Artificially Generated Training Data-sets for Supervised Machine Learning Techniques in Magnetic Resonance Imaging: an Example in Myocardial Segmentation

Christos Xanthis, Kostas Haris, Dimitrios Filos, Anthony Aletras
Laboratory of Computing, Medical Informatics and Biomedical – Imaging Technologies, School of Medicine, Aristotle University of Thessaloniki


Abstract

Aims: The study aimed to encounter the low-availability, the poor-relativeness and the small-size of the training data-sets that prevent the further development or delay the application of Machine learning techniques in radiology. This study proposes for the first time the development of artificially generated training data-sets for supervised learning techniques through the incorporation of a realistic simulation framework in Magnetic Resonance Imaging (MRI).

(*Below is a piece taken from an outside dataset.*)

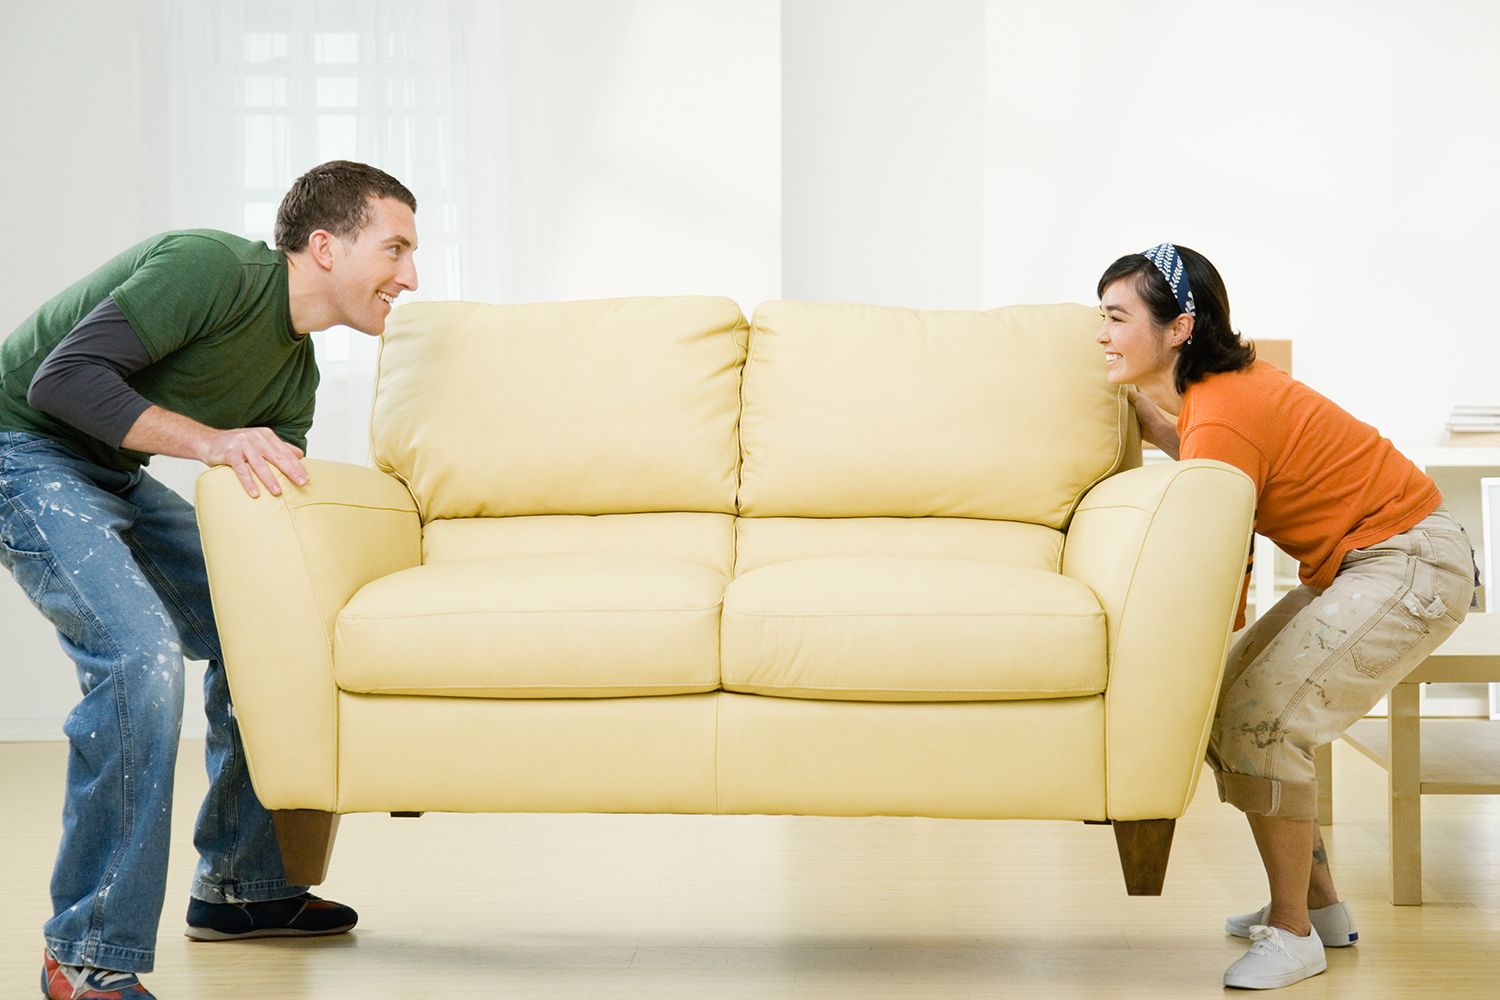 Hãy bỏ thói quen kéo lê nội thất trên sàn gỗ, từ ghế sofa, bàn nước, ghế bành cho đến ghế đẩu,...

Methods: The 4D-XCAT anatomical model was utilized as the main computer model whereas the coreMRI simulation platform (www.coremri.org) was utilized for the generation of artificial MR images. The 4D-XCAT model was modified to be incorporated into coreMRI but also to be adapted to MR applications. 91 artificial end-diastolic, short-axis, cardiac MR images were generated in coreMRI and the corresponding maps of the myocardium of the left-ventricle (LV) were extracted from the 4D-XCAT model. The artificial data-set was further augmented by geometric transformations and by adding synthetic white noise (546 images in total). A fully convolutional network (FCN) (Tran, 2016) for LV segmentation was utilized. The performance of the FCN was evaluated on true cardiac MR data that were acquired from one healthy volunteer using a similar MR protocol. The number of training epochs used was 20 and the evaluation metrics used were accuracy and Dice index.

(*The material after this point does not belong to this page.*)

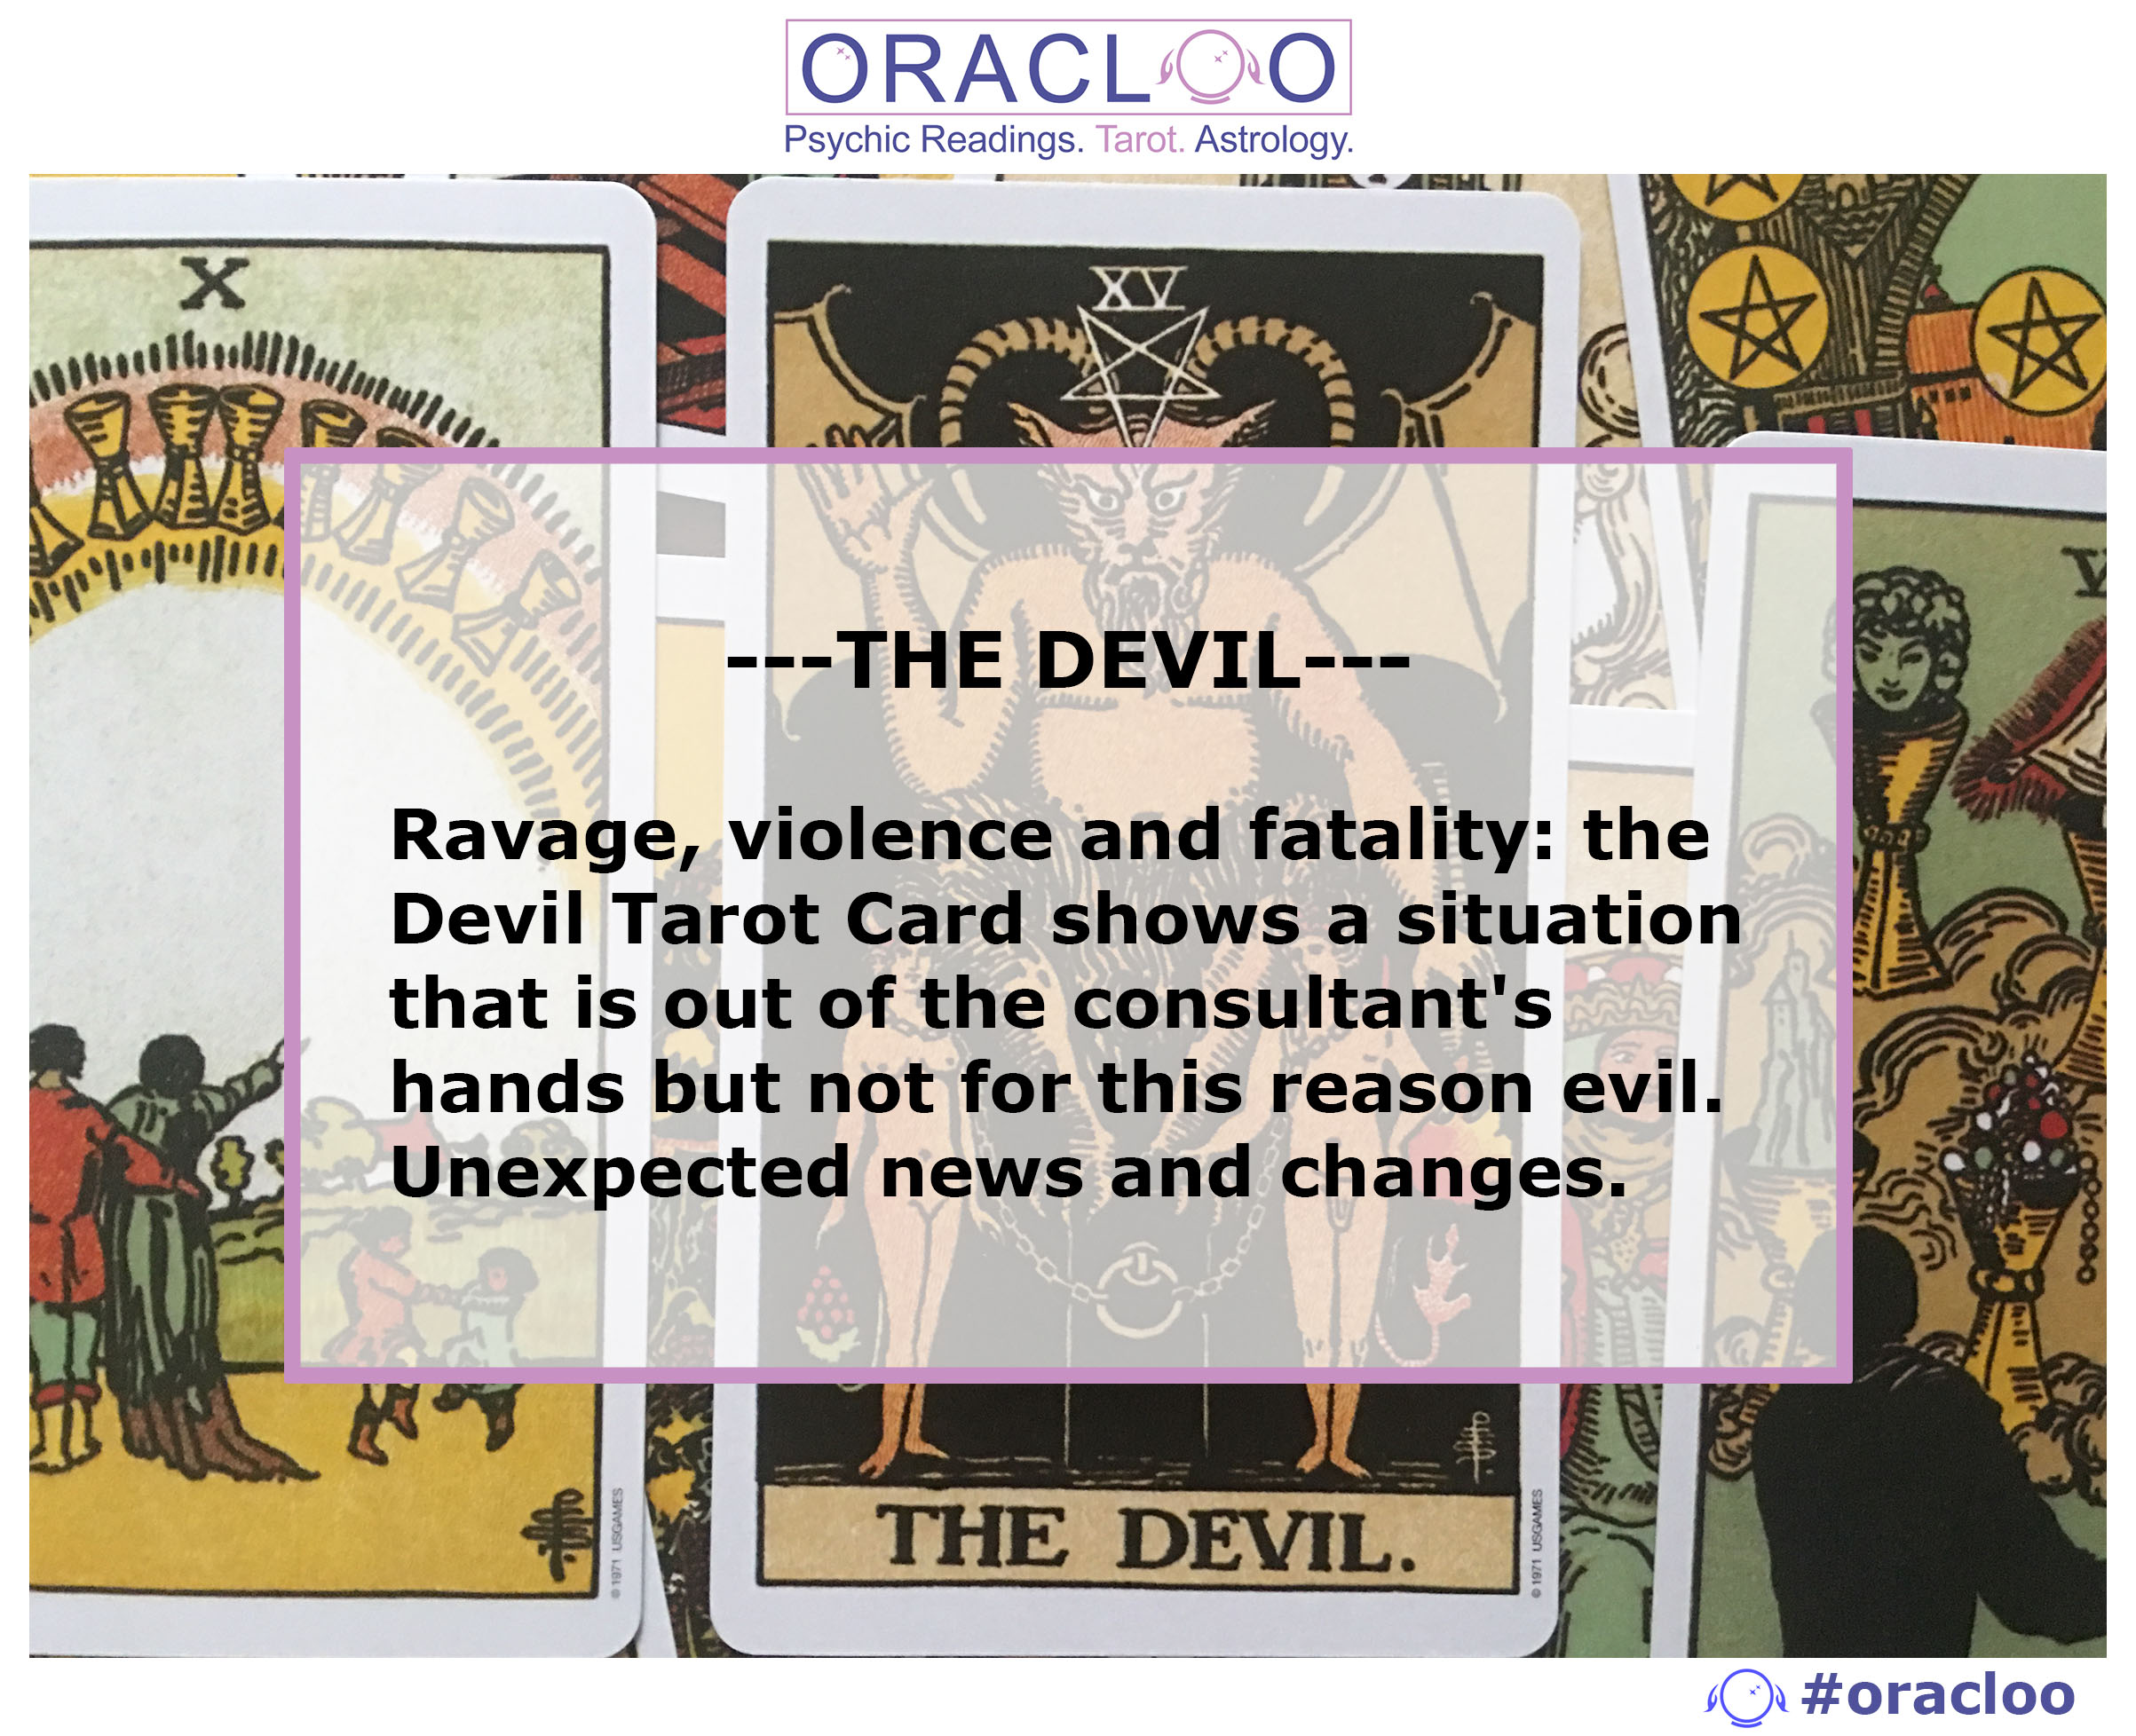 THE DEVIL tarot card

Results: The application of the FCN (trained on the simulated data-set) on the cardiac MR data of the healthy volunteer presented an accuracy of 0.96 and a DICE index of 0.83 for the prediction of epicardium and an accuracy of 0.99 and a DICE index of 0.90 for the prediction of endocardium.

Conclusion: This study presented an alternative solution to the limitations encountered today in collecting training data-sets in MR. The proposed solution is performed without the use of a true MRI scanner, without scanning patients and without having personnel.